A couple weeks ago on a car trip back from New York my husband and I were listening to a Hidden Brain episode on unconscious bias. The episode was fantastic — per usual — and concluded, realistically, messily, that although training programs are being developed to teach people about unconscious bias, there’s not much evidence to support that simply knowing about your bias will change your behavior. Despite honest intentions, we’re probably closer to a placebo than a panacea.
This is not an uncommon pattern. Decades of data on diversity training and sexual harassment training show that they too miss the mark on changing behavior. And the reason for this is as old as humanity: change is hard, and it takes work. Awareness of something is only step one. Step two, is applying that awareness to real, discrete interactions you have on a daily basis. This is where a whole new host of challenges arise, because this is the step that requires you to essentially relearn things you previously took for granted.
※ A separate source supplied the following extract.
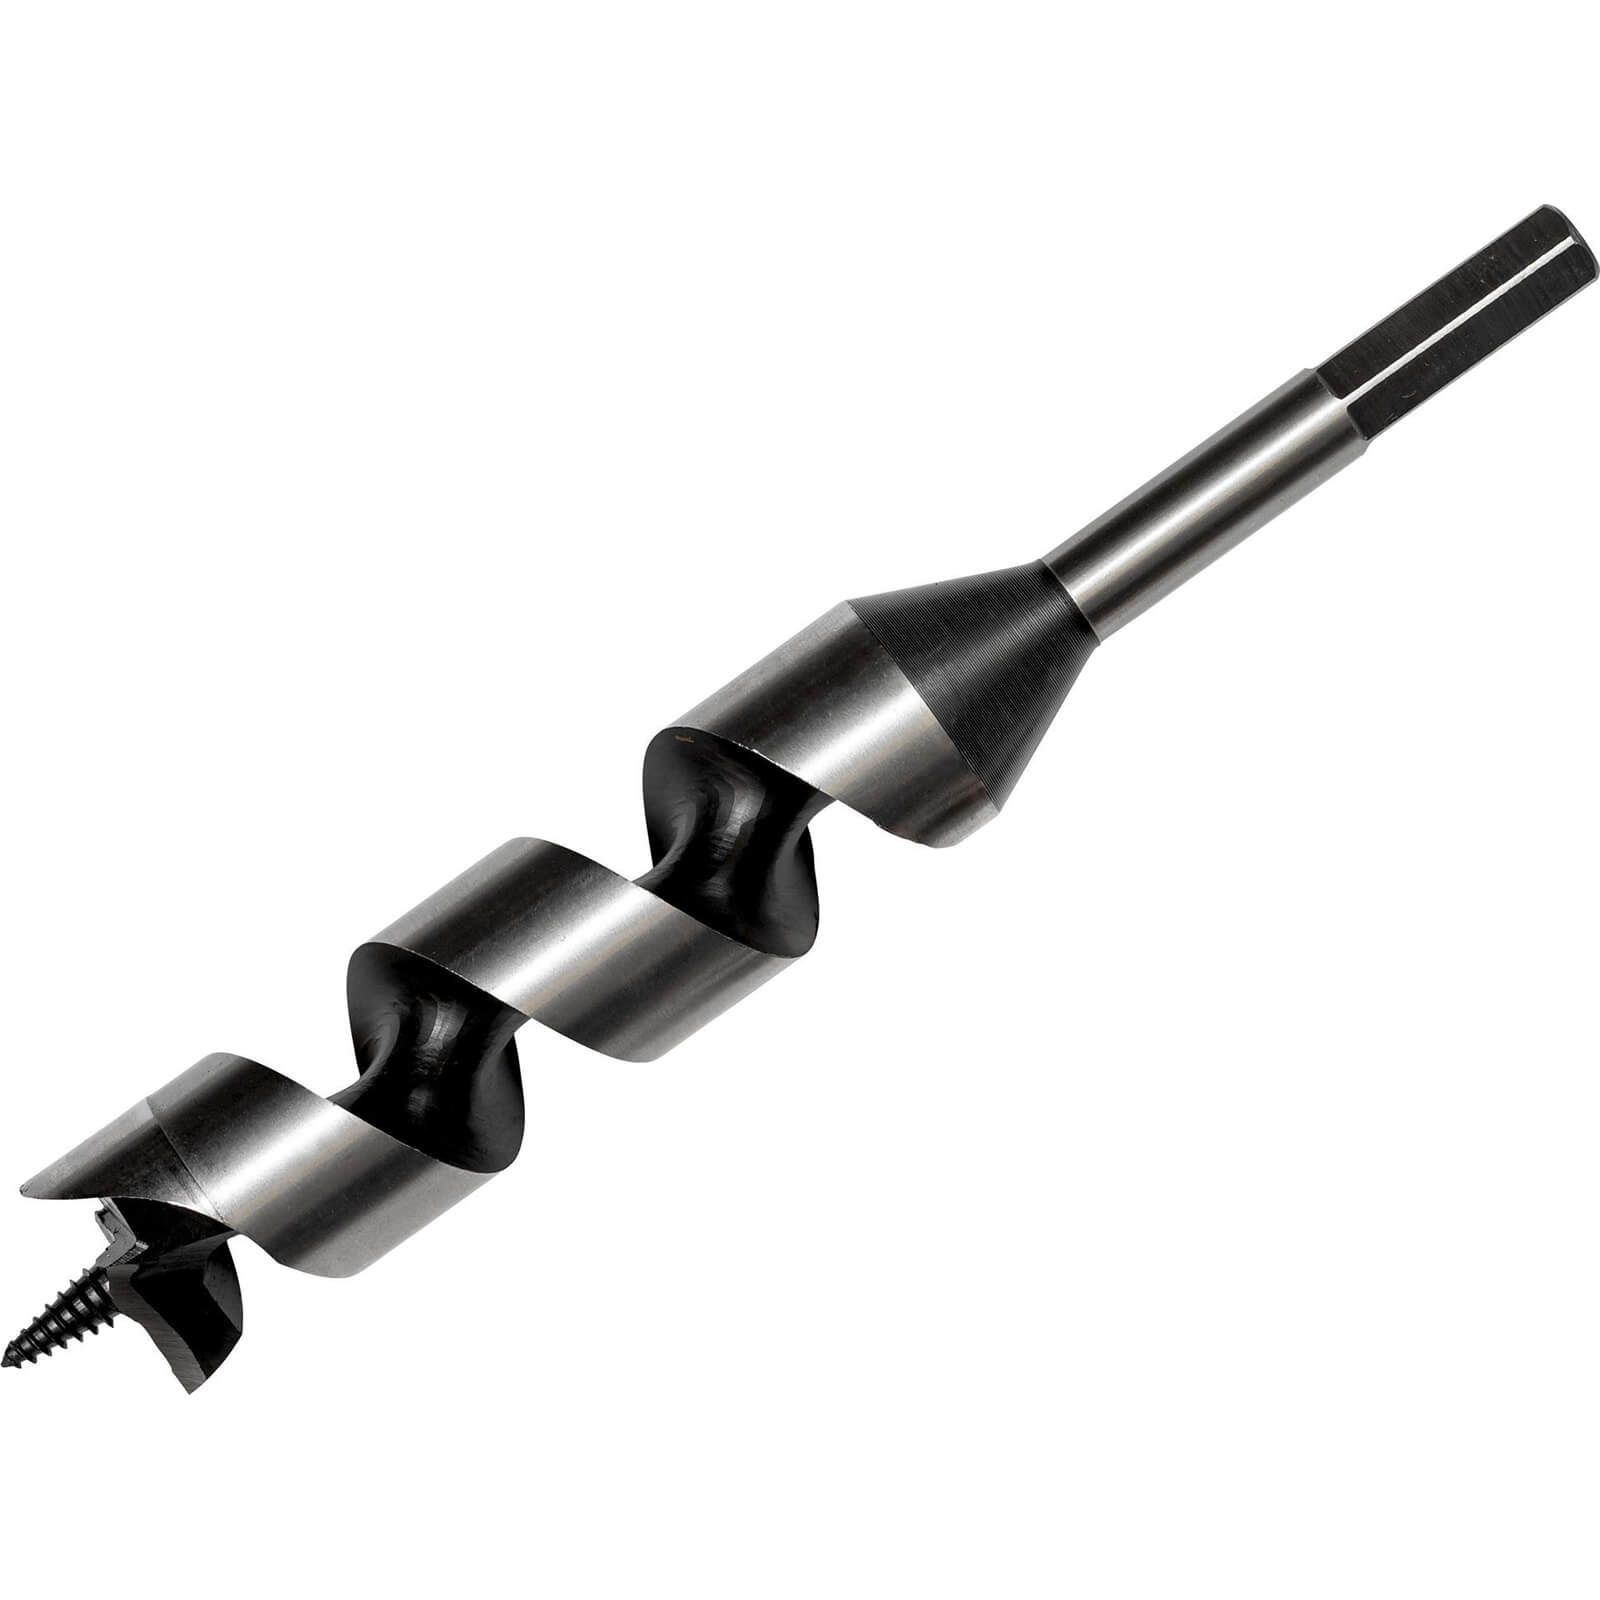 Photo of Bahco 9626 Series Combination Auger Drill Bit 22mm 230mm

Take, for example, giving performance reviews at work. As Paola Cecchi-Demiglio writes in the Harvard Business Review:
[Gender] biases can lead to double standards, in that a situation can get a positive or a negative spin, depending on gender. In one review I read, the manager noted, “Heidi seems to shrink when she’s around others, and especially around clients, she needs to be more self-confident.” But a similar problem — confidence in working with clients — was given a positive spin when a man was struggling with it: “Jim needs to develop his natural ability to work with people.”
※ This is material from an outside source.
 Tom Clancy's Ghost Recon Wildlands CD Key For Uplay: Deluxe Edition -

If you were the supervisor in the above example, what would you do? Being confronted with your own bias might motivate you to change, or not. Changing an individual’s subtle expressions of bias requires not only an acceptance on their part of the existence of unconscious bias, but also the unsettling reality that they themselves may have been harmful in the course of trying to be helpful. And even if this hurdle is cleared, it might not significantly change a workplace.
But it isn’t hopeless. When there’s a training focus on behavioral change beyond attitudinal change, it makes a real difference. It’s hard, inevitably full of missteps, and entirely worth it. It’s great to feel like we’re all becoming more aware of our own blindspots. But awareness is not an end. It’s just the beginning.